Posted by Atilla Kiraly, Software Engineer, and Rory Pilgrim, Product Manager, Google Research

Lung cancer is the leading cause of cancer-related deaths globally with 1.8 million deaths reported in 2020. Late diagnosis dramatically reduces the chances of survival. Lung cancer screening via computed tomography (CT), which provides a detailed 3D image of the lungs, has been shown to reduce mortality in high-risk populations by at least 20% by detecting potential signs of cancers earlier.
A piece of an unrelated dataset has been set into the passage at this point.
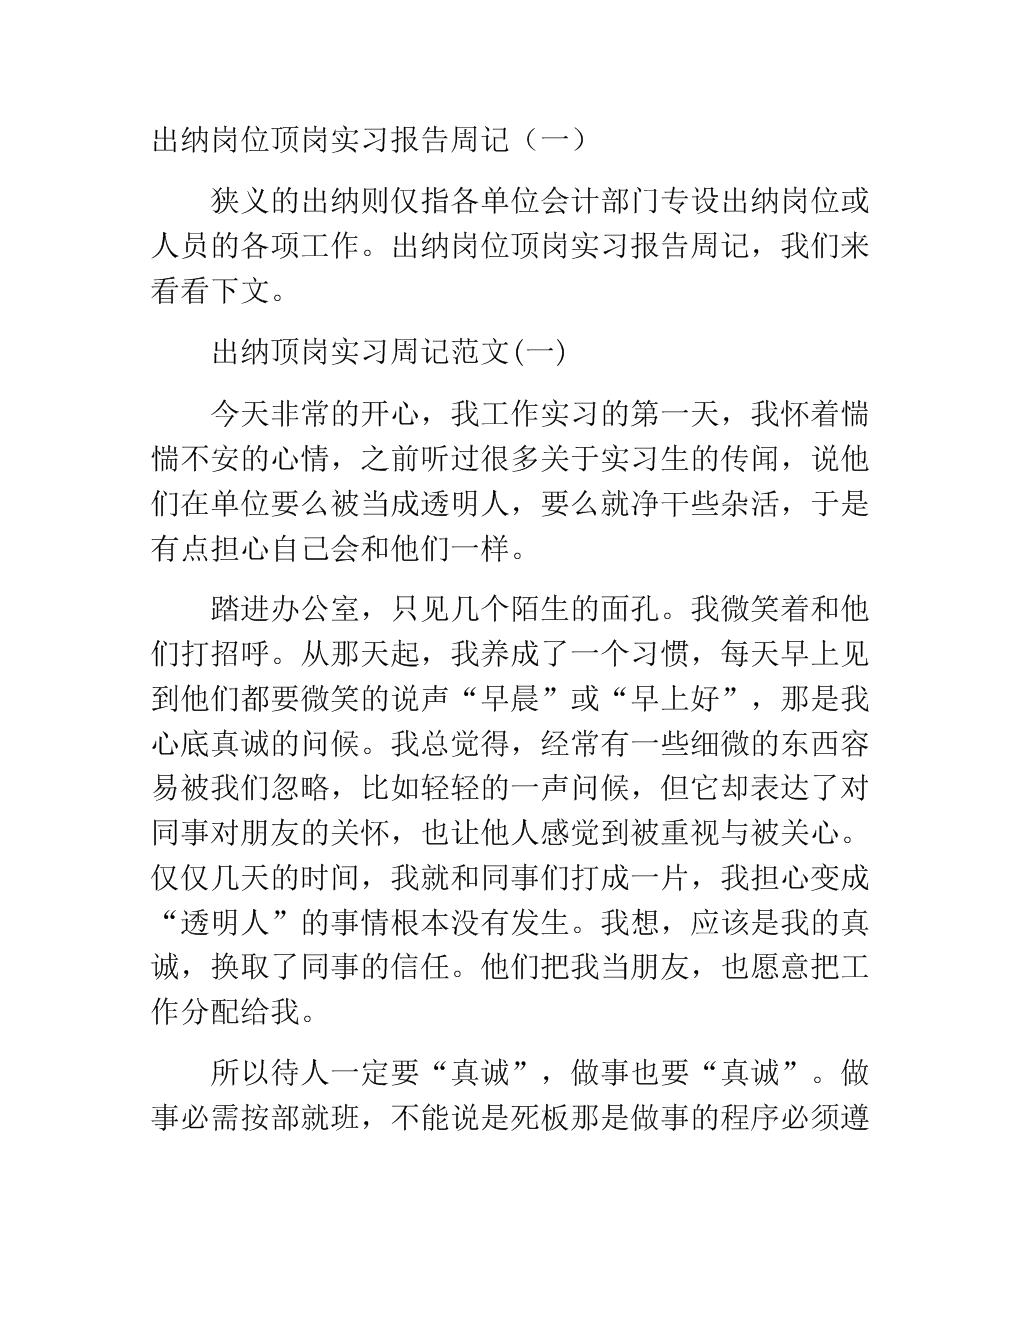 出纳实周记_出纳岗位顶岗实习报告周记(二).docx

In the US, screening involves annual scans, with some countries or cases recommending more or less frequent scans.

The United States Preventive Services Task Force recently expanded lung cancer screening recommendations by roughly 80%, which is expected to increase screening access for women and racial and ethnic minority groups. However, false positives (i.e., incorrectly reporting a potential cancer in a cancer-free patient) can cause anxiety and lead to unnecessary procedures for patients while increasing costs for the healthcare system. Moreover, efficiency in screening a large number of individuals can be challenging depending on healthcare infrastructure and radiologist availability.

At Google we have previously developed machine learning (ML) models for lung cancer detection, and have evaluated their ability to automatically detect and classify regions that show signs of potential cancer. Performance has been shown to be comparable to that of specialists in detecting possible cancer. While they have achieved high performance, effectively communicating findings in realistic environments is necessary to realize their full potential.

To that end, in “Assistive AI in Lung Cancer Screening: A Retrospective Multinational Study in the US and Japan”, published in Radiology AI, we investigate how ML models can effectively communicate findings to radiologists. We also introduce a generalizable user-centric interface to help radiologists leverage such models for lung cancer screening. The system takes CT imaging as input and outputs a cancer suspicion rating using four categories (no suspicion, probably benign, suspicious, highly suspicious) along with the corresponding regions of interest. We evaluate the system’s utility in improving clinician performance through randomized reader studies in both the US and Japan, using the local cancer scoring systems (Lung-RADSs V1.1 and Sendai Score) and image viewers that mimic realistic settings. We found that reader specificity increases with model assistance in both reader studies. To accelerate progress in conducting similar studies with ML models, we have open-sourced code to process CT images and generate images compatible with the picture archiving and communication system (PACS) used by radiologists.

Developing an interface to communicate model results

Integrating ML models into radiologist workflows involves understanding the nuances and goals of their tasks to meaningfully support them. In the case of lung cancer screening, hospitals follow various country-specific guidelines that are regularly updated. For example, in the US, Lung-RADs V1.1 assigns an alpha-numeric score to indicate the lung cancer risk and follow-up recommendations. When assessing patients, radiologists load the CT in their workstation to read the case, find lung nodules or lesions, and apply set guidelines to determine follow-up decisions.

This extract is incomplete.